We limped down the hall. My boots left a trail, red and wet. Scar unlocked the gate, and we slipped inside. The cell block was a cold, dripping tomb. Three heavy doors, all locked. Declan went to the nearest and called out, “Moab?”

“About fucking time,” Moab said.

Declan worked the lock, cursing the whole time. Scar kept watch at the end, sword ready.

The door swung open. Moab stood inside, shirtless, face bruised but grinning. “We were just about to have a picnic,” he said, then saw me, and the grin died.

I thought he’d run to me, pick me up, bear-hug style. Instead, he just stared, and the look in his eyes was like seeing a dog shot on the road.

“Who did this to you?” he asked.

I tried to laugh. “Long story.”

He stepped forward and caught me before I could fall. “You still with us, Toolie?”

“Yeah,” I said. “But it’s getting harder to fake.”

He gave me a look, old and full of history, then set me back on my feet.

Scar unlocked the next cell. Scarlette was in there, sitting with her back to the wall, one knee pulled up, hands laced behind her head. She blinked at the light, then smiled when she saw Scar, then me.

“You look like shit,” she said. It was starting to be a theme.

“Nice to see you too,” I said, but the words came out as a croak.

She ran to Moab and jumped into his arms.

The last cell held Mama Celeste. She was sitting on the floor, eyes closed, lips moving in a silent chant. Her hair was a wild streak of silver and black, the braid coiled like a snake across her lap. She looked up, saw me, and smiled.
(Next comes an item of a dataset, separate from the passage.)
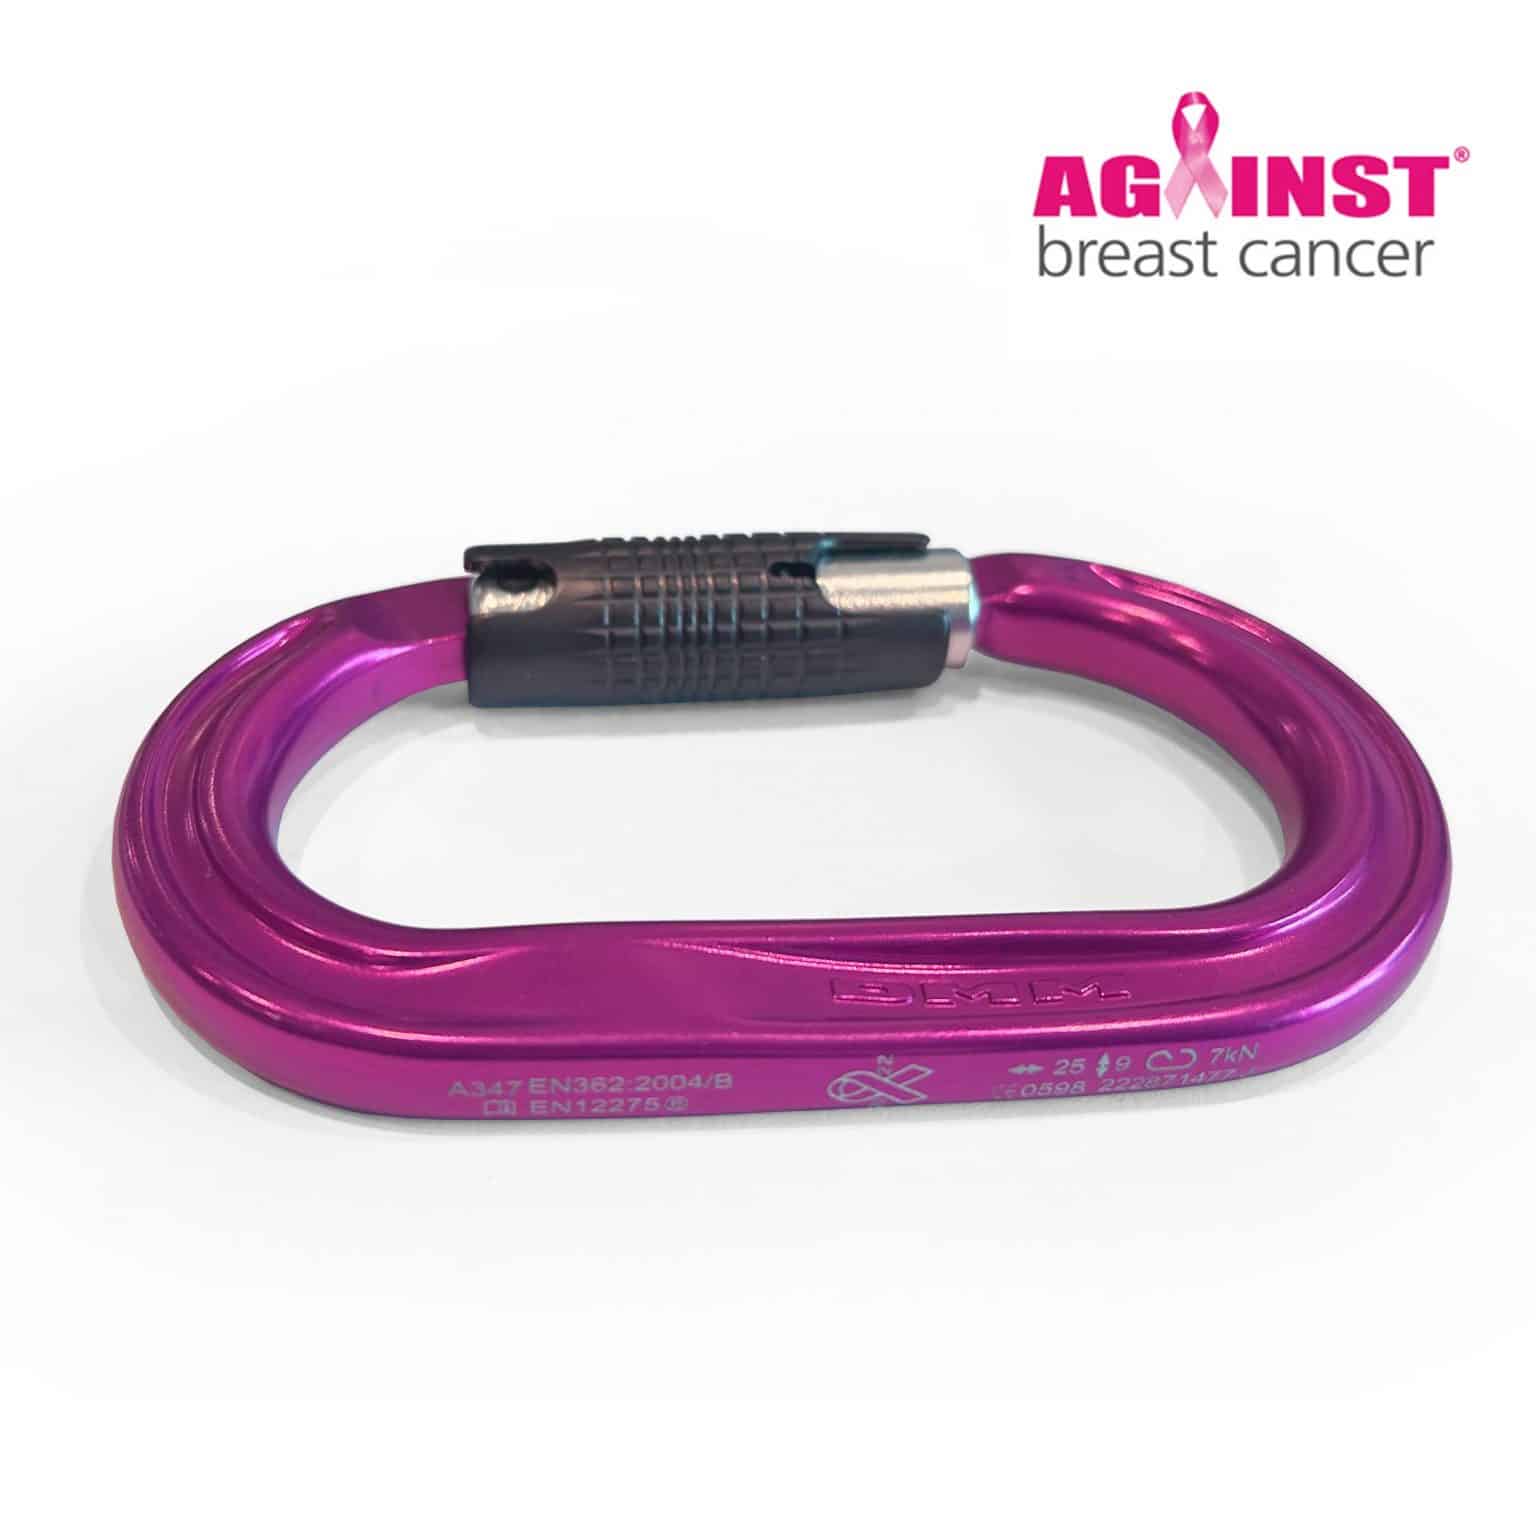 DMM AmericanO Limited Edition Pink Carabiner

“Thank you for not dying,” she said, and stood, dignity intact despite the blood at her temple.

Two guards barreled in from the far door, muskets up. Moab charged before they could fire. He took the first one by the throat, lifted him, and smashed his head into the cell bars. The skull split with a crack like a green branch, bone and blood spraying. The other guard dropped the musket, drew a knife, and tried to stab Moab in the gut.